▸ Recorded information
== Segment start ==
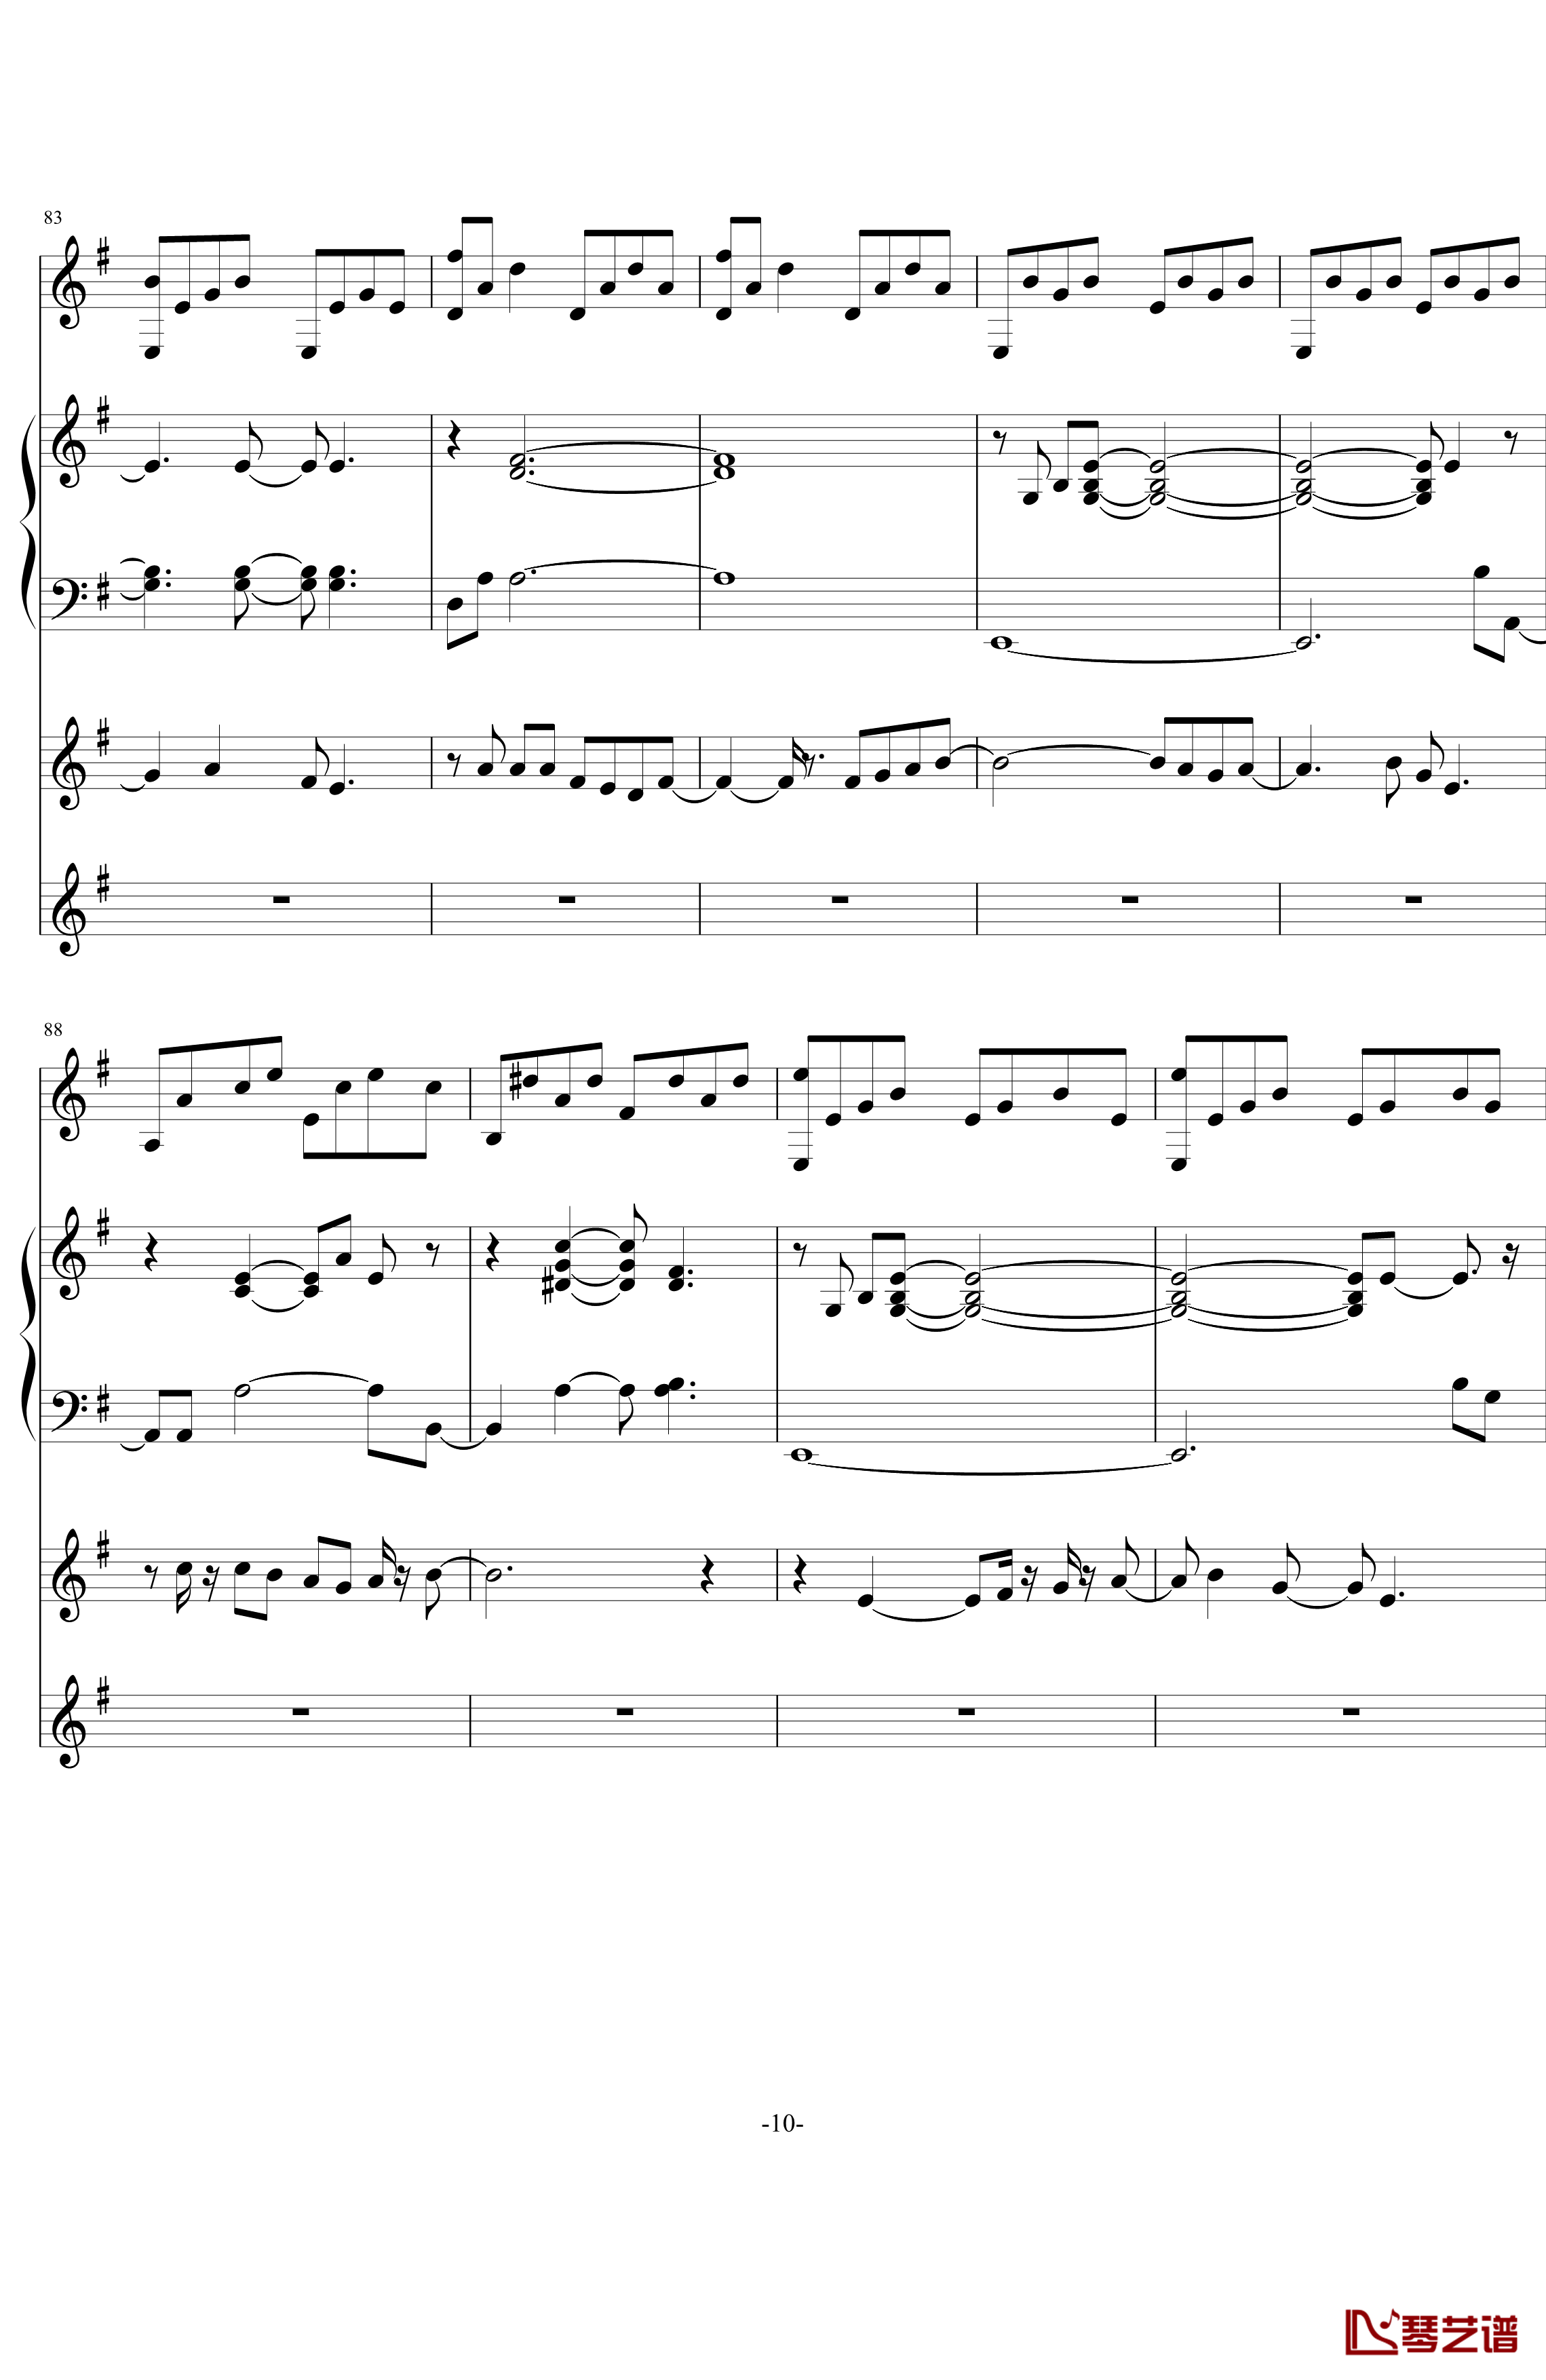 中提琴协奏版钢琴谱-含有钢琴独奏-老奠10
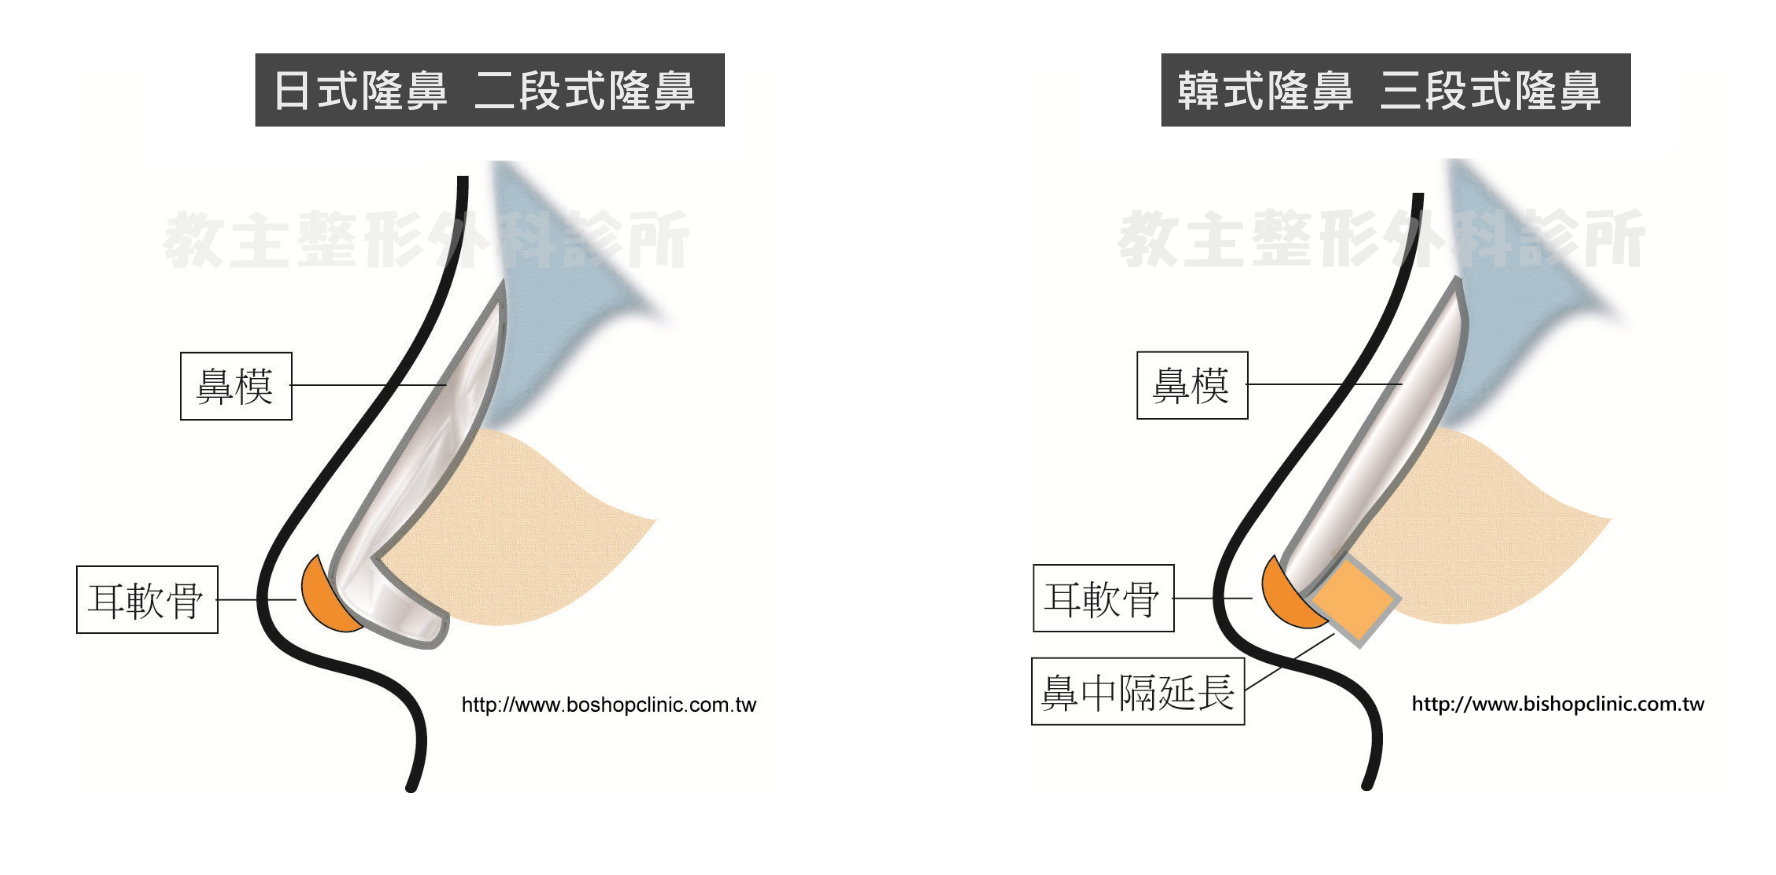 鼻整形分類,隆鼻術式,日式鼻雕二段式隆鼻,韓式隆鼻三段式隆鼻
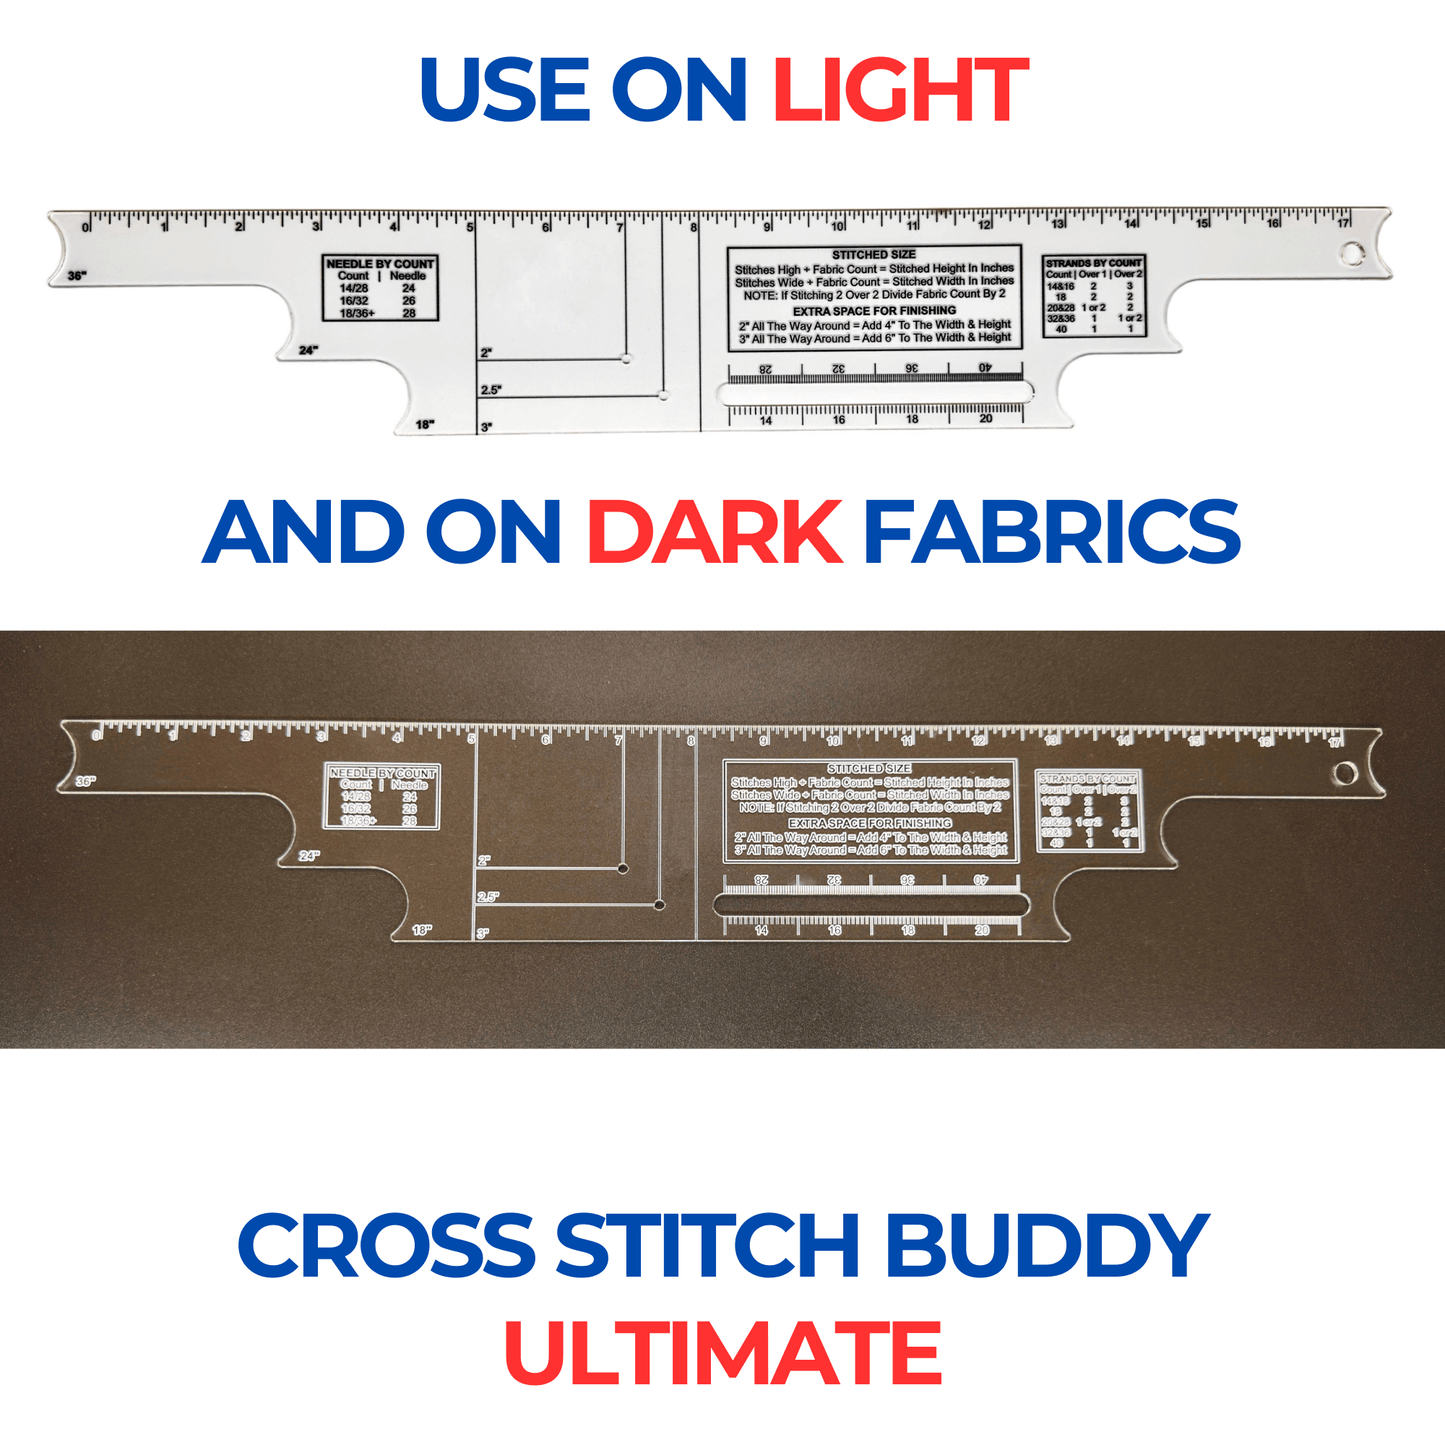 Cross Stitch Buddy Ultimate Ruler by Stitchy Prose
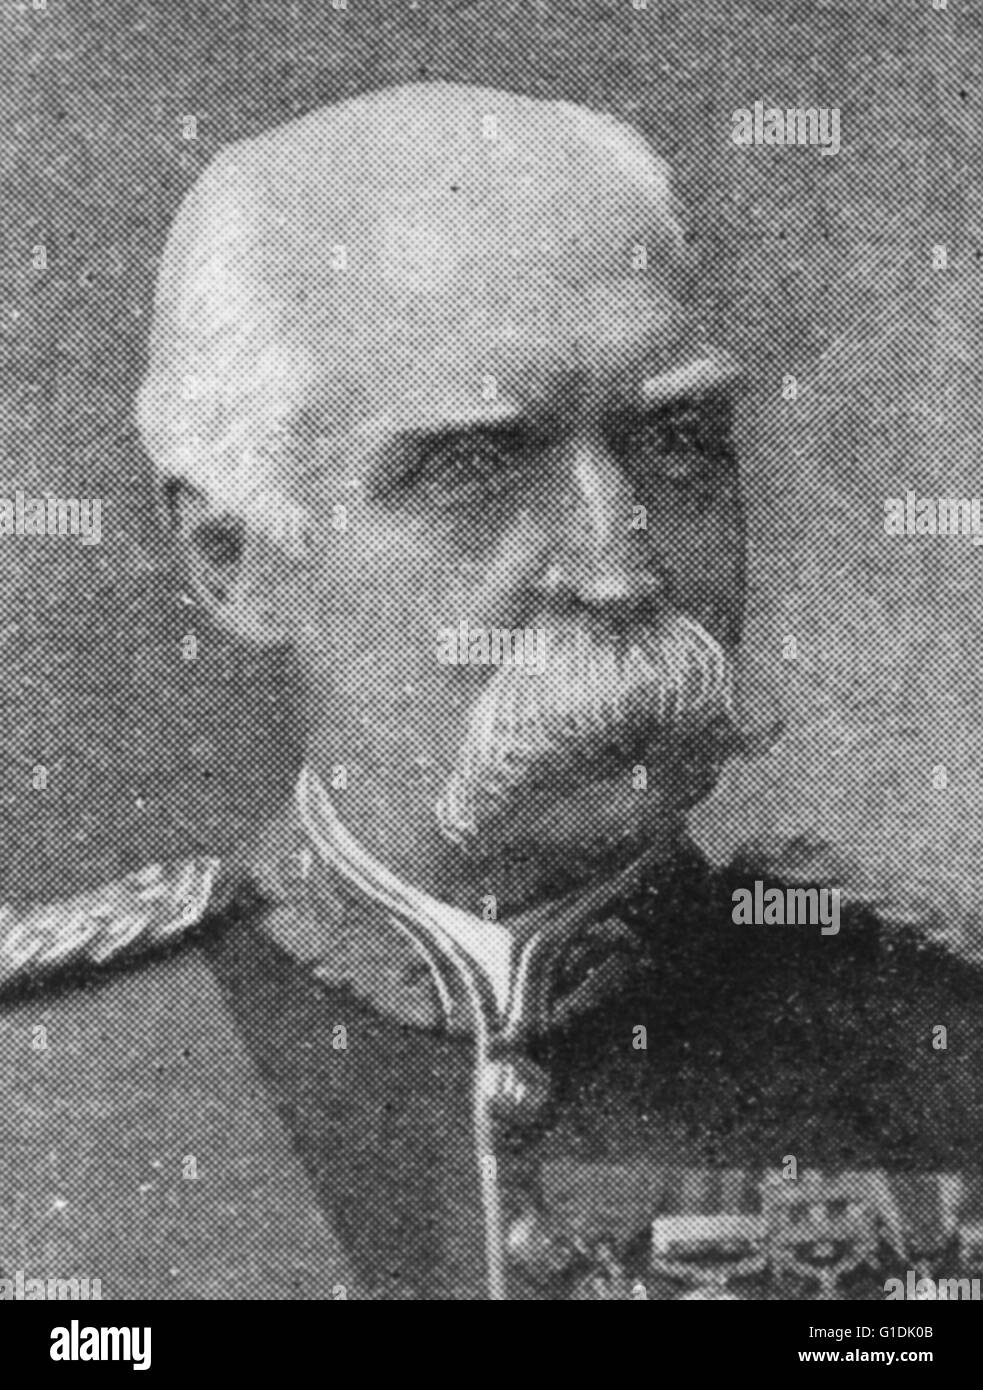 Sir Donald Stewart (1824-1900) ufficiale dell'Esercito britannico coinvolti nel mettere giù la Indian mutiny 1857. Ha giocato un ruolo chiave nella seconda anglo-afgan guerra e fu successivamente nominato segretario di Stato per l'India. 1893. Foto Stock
== Segment end ==
▸ Work to complete
After locating the line with "鼻整形分類,隆鼻術式,日式鼻雕二段式隆鼻,韓式隆鼻三段式隆鼻", transcribe it and the rest of the data above exactly as written, without any picture.

▸ Answer box
 鼻整形分類,隆鼻術式,日式鼻雕二段式隆鼻,韓式隆鼻三段式隆鼻
 Cross Stitch Buddy Ultimate Ruler by Stitchy Prose
 Sir Donald Stewart (1824-1900) ufficiale dell'Esercito britannico coinvolti nel mettere giù la Indian mutiny 1857. Ha giocato un ruolo chiave nella seconda anglo-afgan guerra e fu successivamente nominato segretario di Stato per l'India. 1893. Foto Stock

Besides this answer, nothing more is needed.